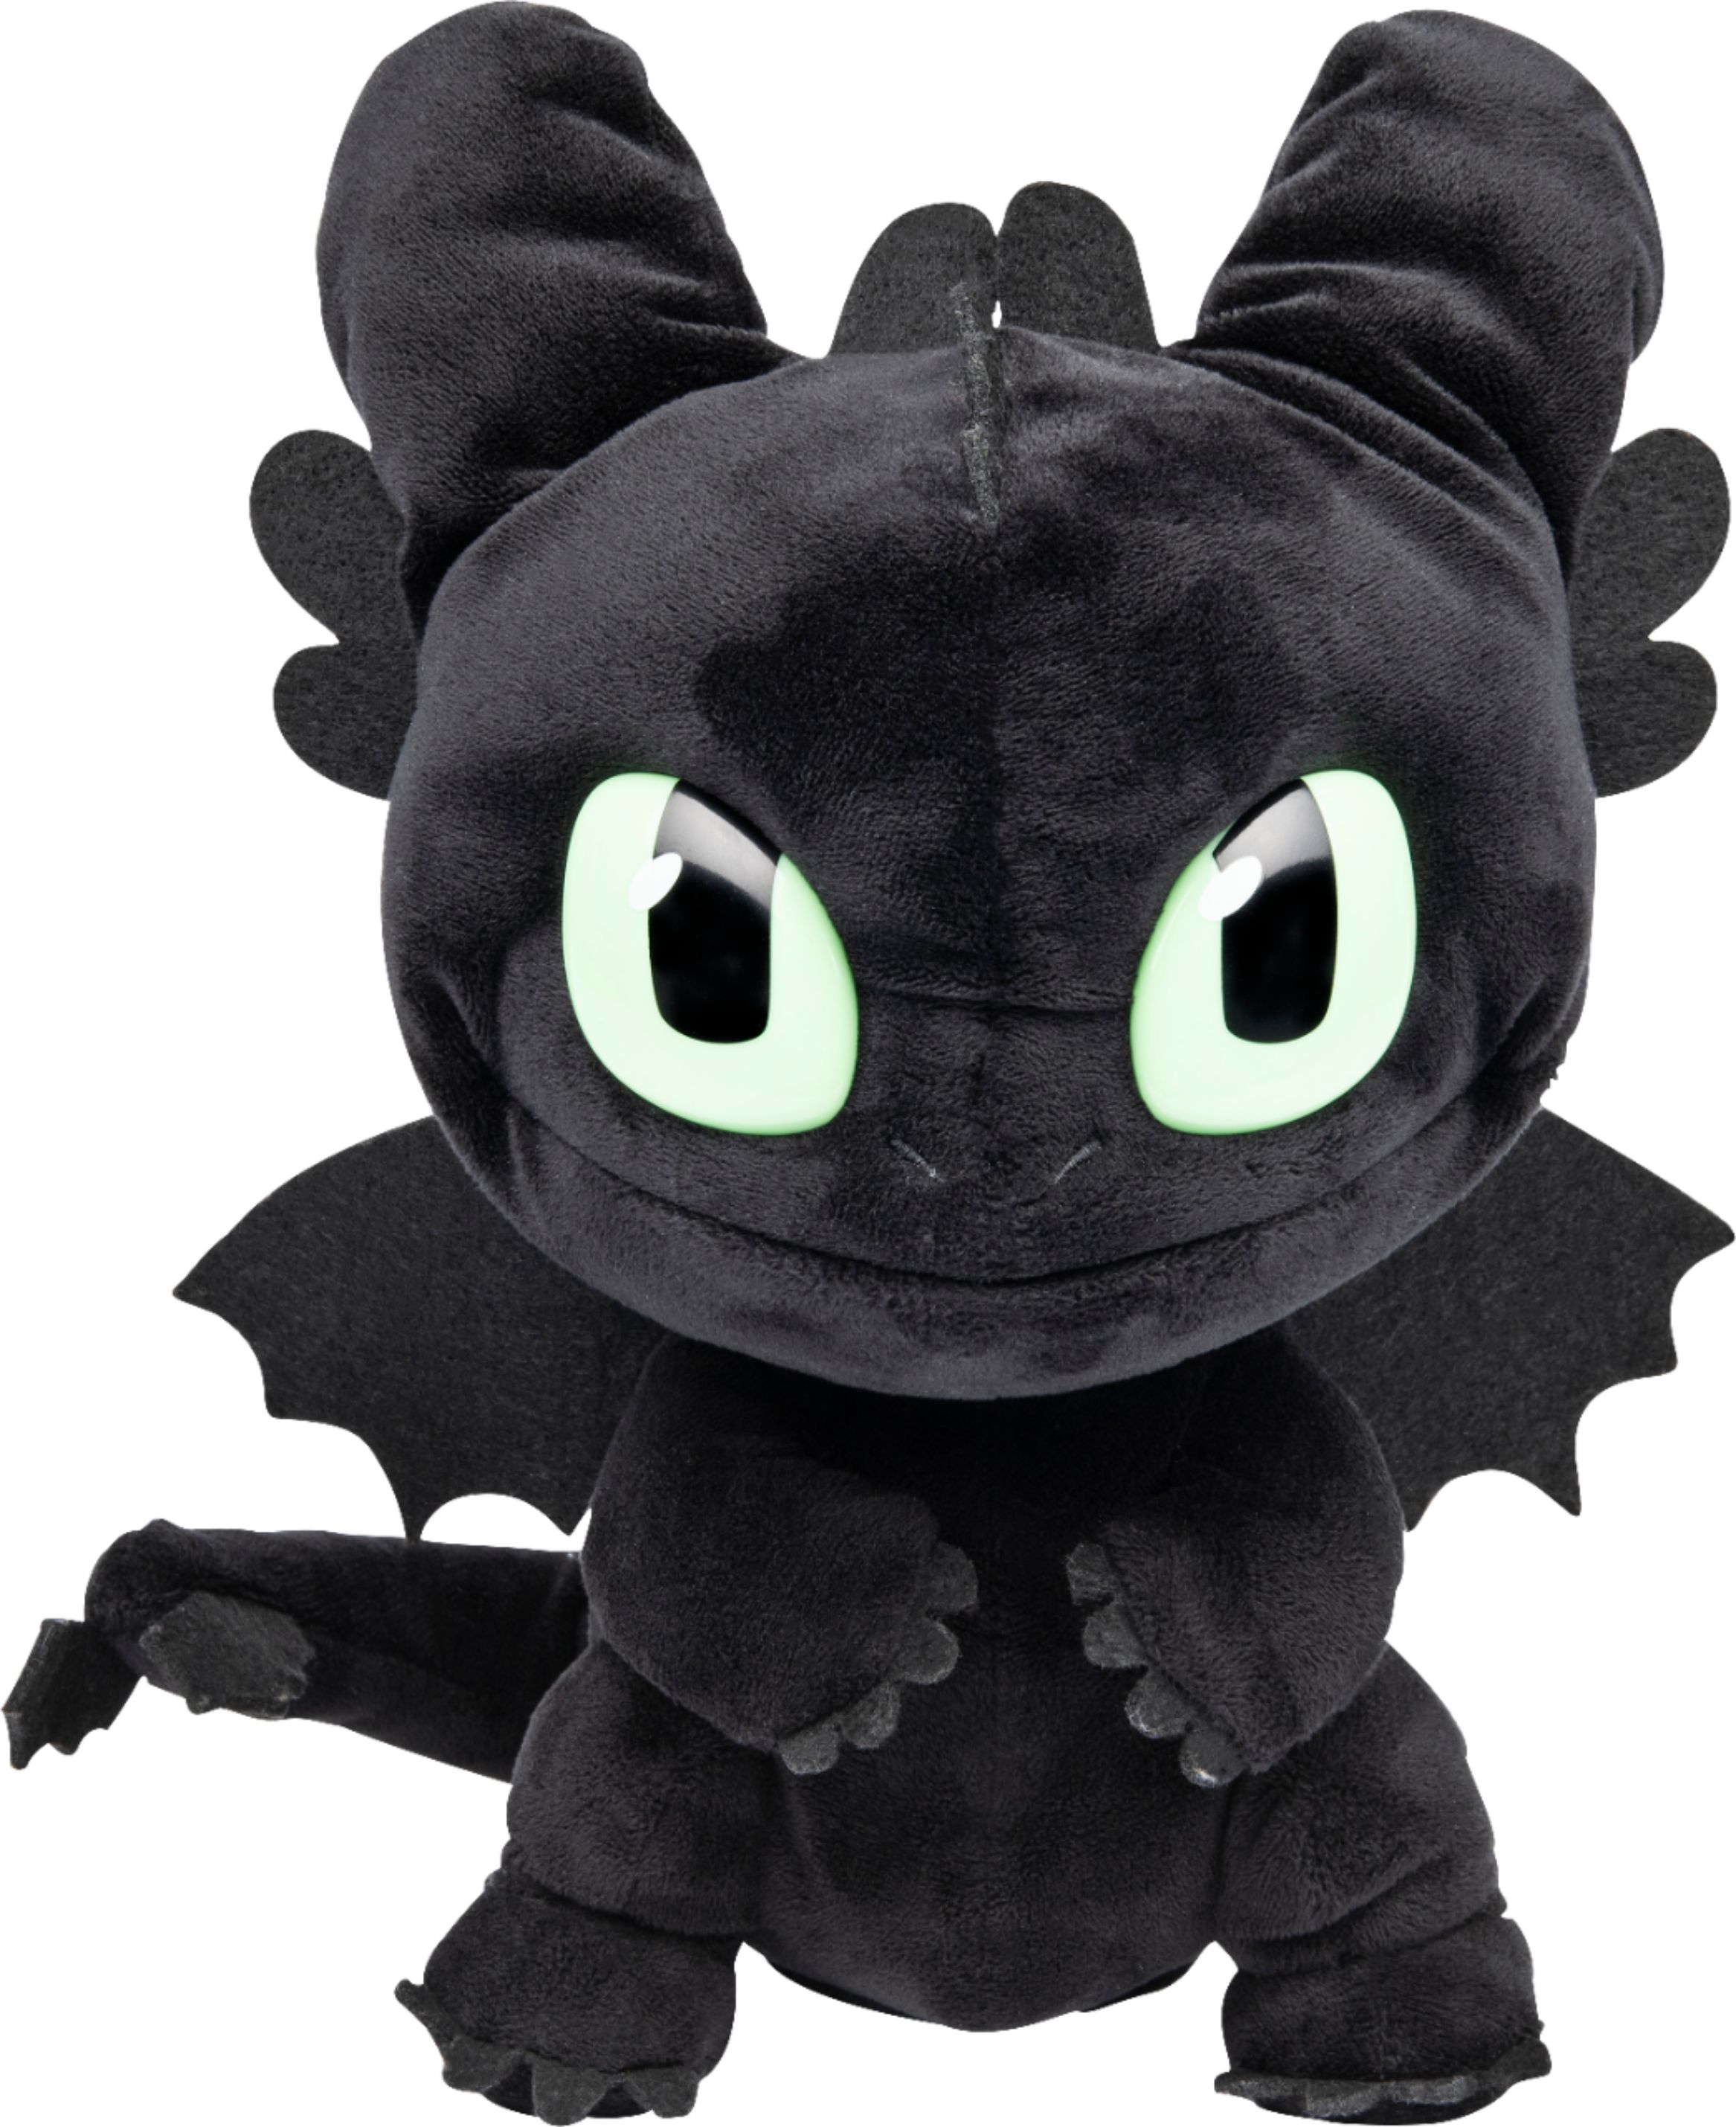 dragon plush toy
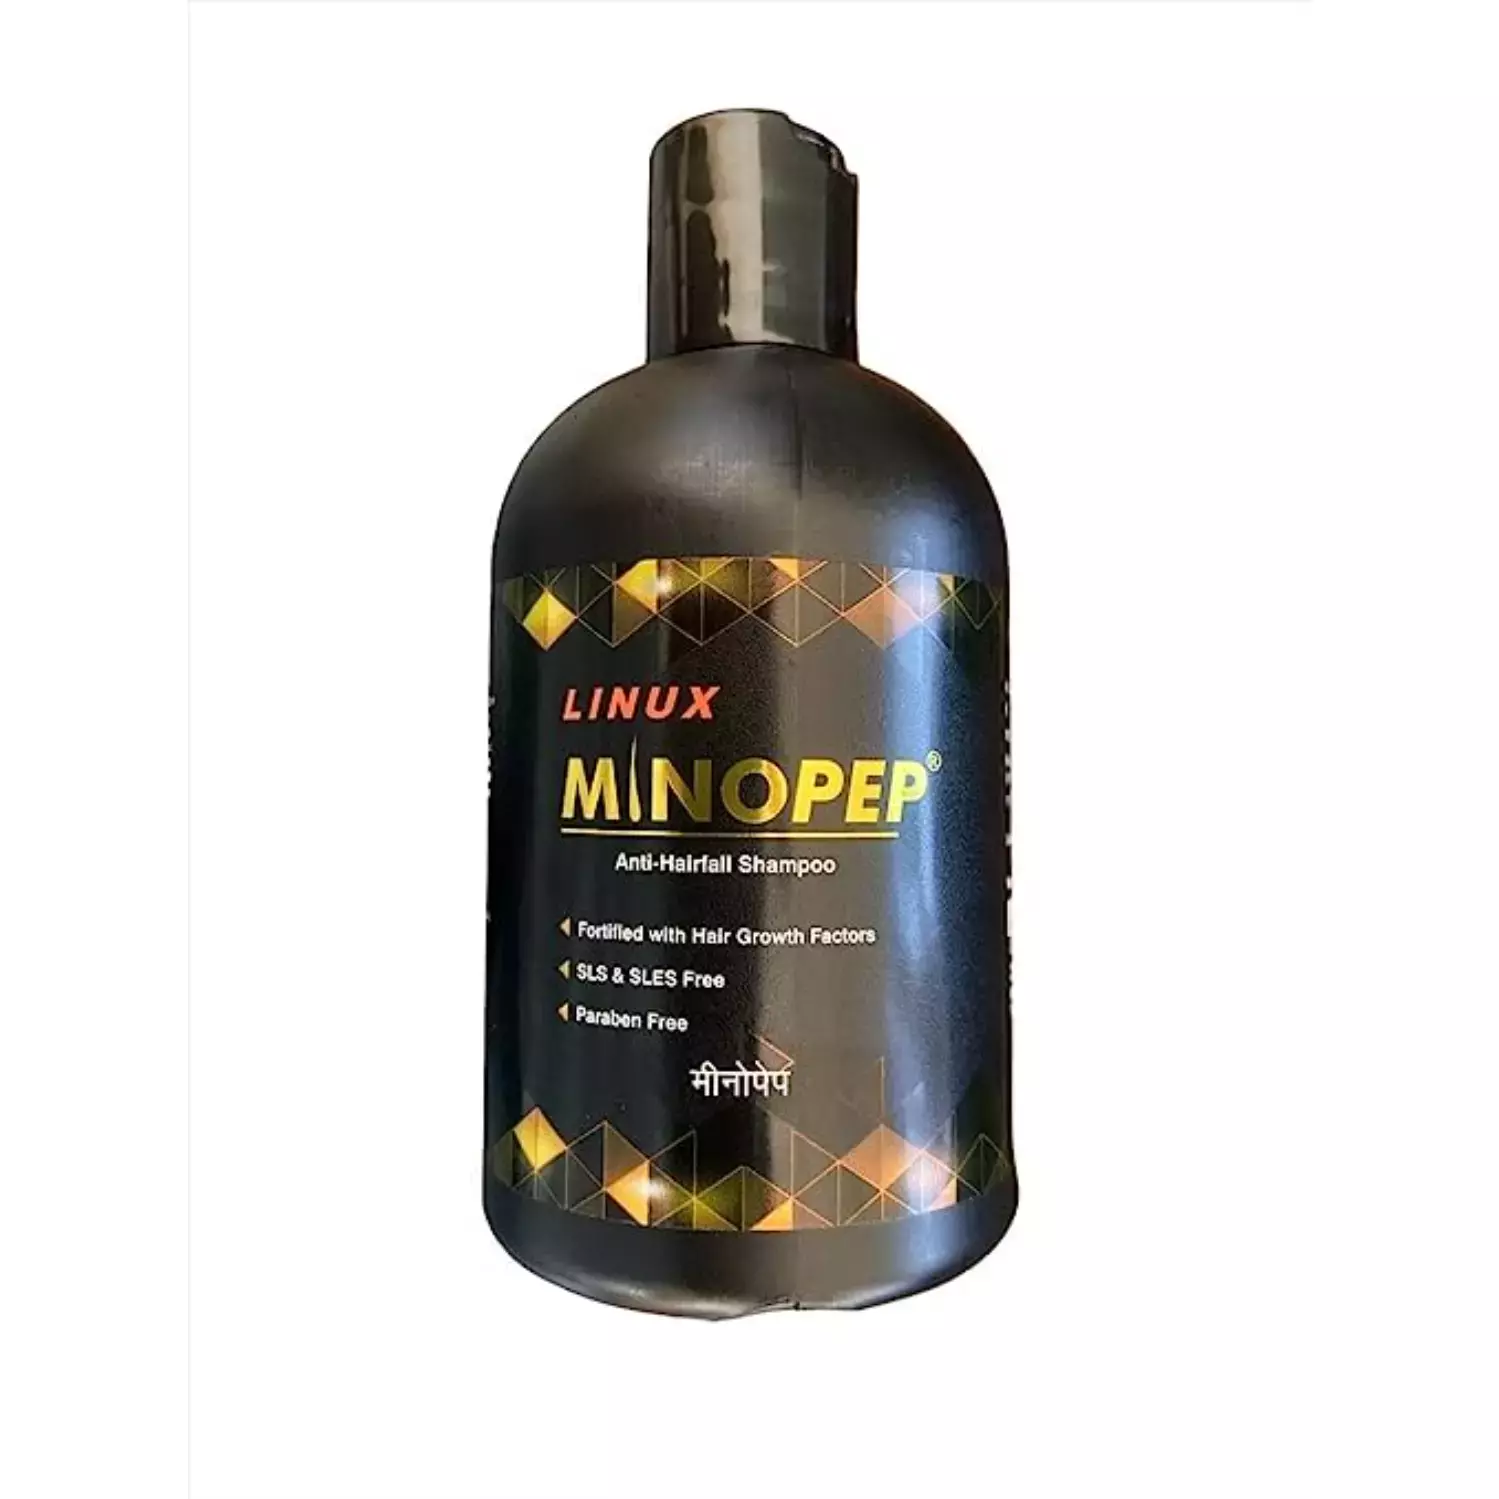 Minopep Anti-Hairfall Shampoo
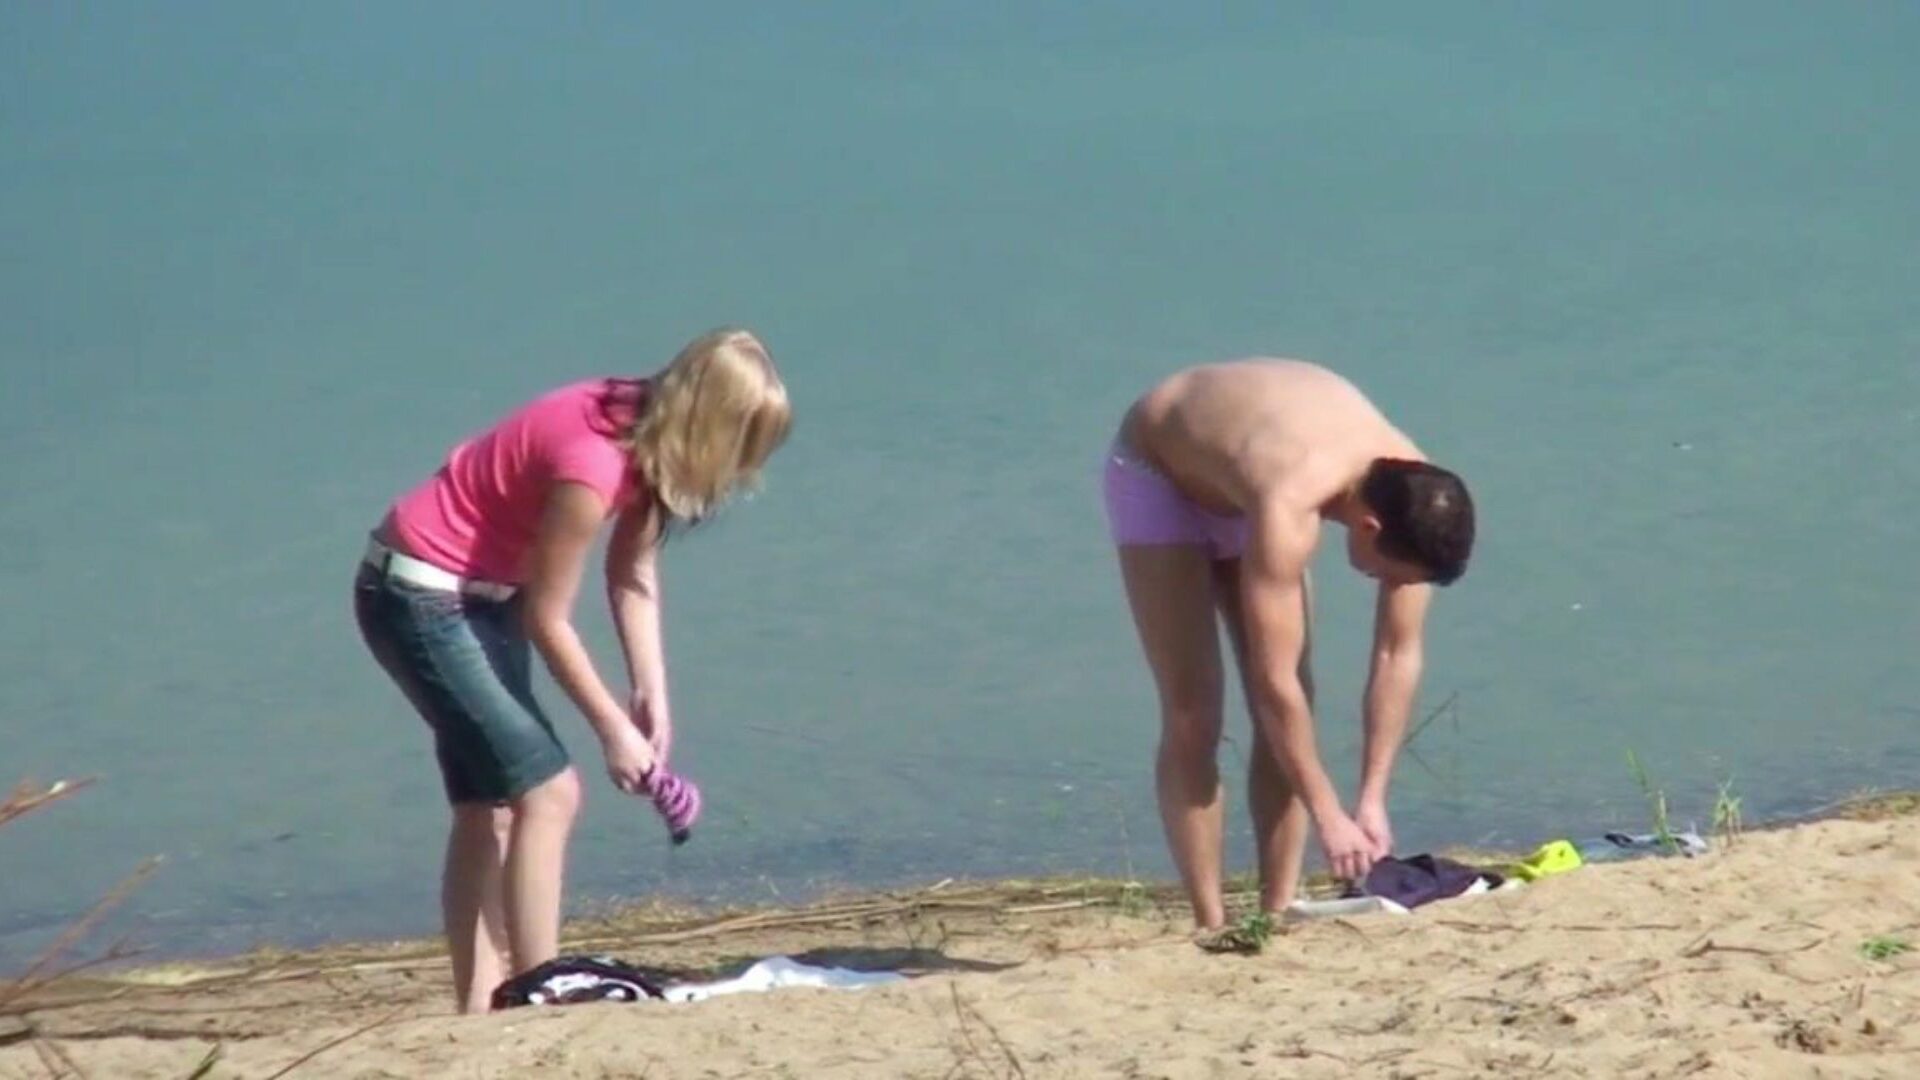 cuplu de adolescenți reali pe dracu 'voyeur pe plajă germană de străin urmăriți cuplu de adolescenți reali pe dracu' voyeur de plajă germană de străin episod pe xhamster - selecția finală de videoclipuri gratuite cu videoclipuri porno porno hd & pentru toți
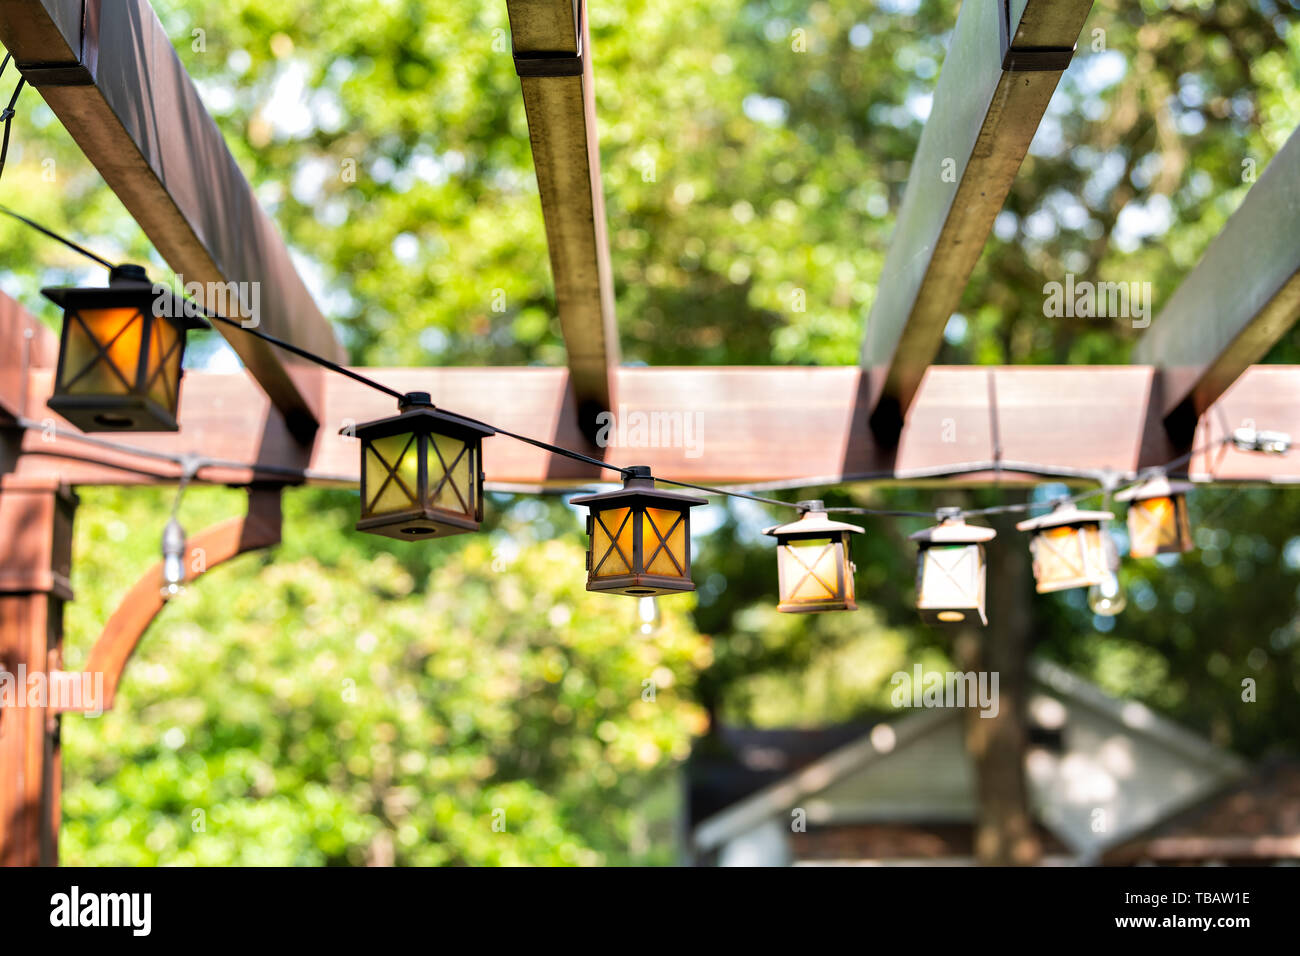 Nahaufnahme der Terrasse im Frühling Garten im Hinterhof des Hauses mit Laterne Lampen leuchten hängen von Pergola Vordach Pavillon aus Holz und Pflanzen Stockfoto

════════════════

### What is expected
Begin with the line that contains "cuplu de adolescenți reali pe dracu 'voyeur" and copy every line through the end of the listing, exactly as written, both ends included. Pictures are not part of the copy.

### Result for this task
 cuplu de adolescenți reali pe dracu 'voyeur pe plajă germană de străin urmăriți cuplu de adolescenți reali pe dracu' voyeur de plajă germană de străin episod pe xhamster - selecția finală de videoclipuri gratuite cu videoclipuri porno porno hd & pentru toți
 Nahaufnahme der Terrasse im Frühling Garten im Hinterhof des Hauses mit Laterne Lampen leuchten hängen von Pergola Vordach Pavillon aus Holz und Pflanzen Stockfoto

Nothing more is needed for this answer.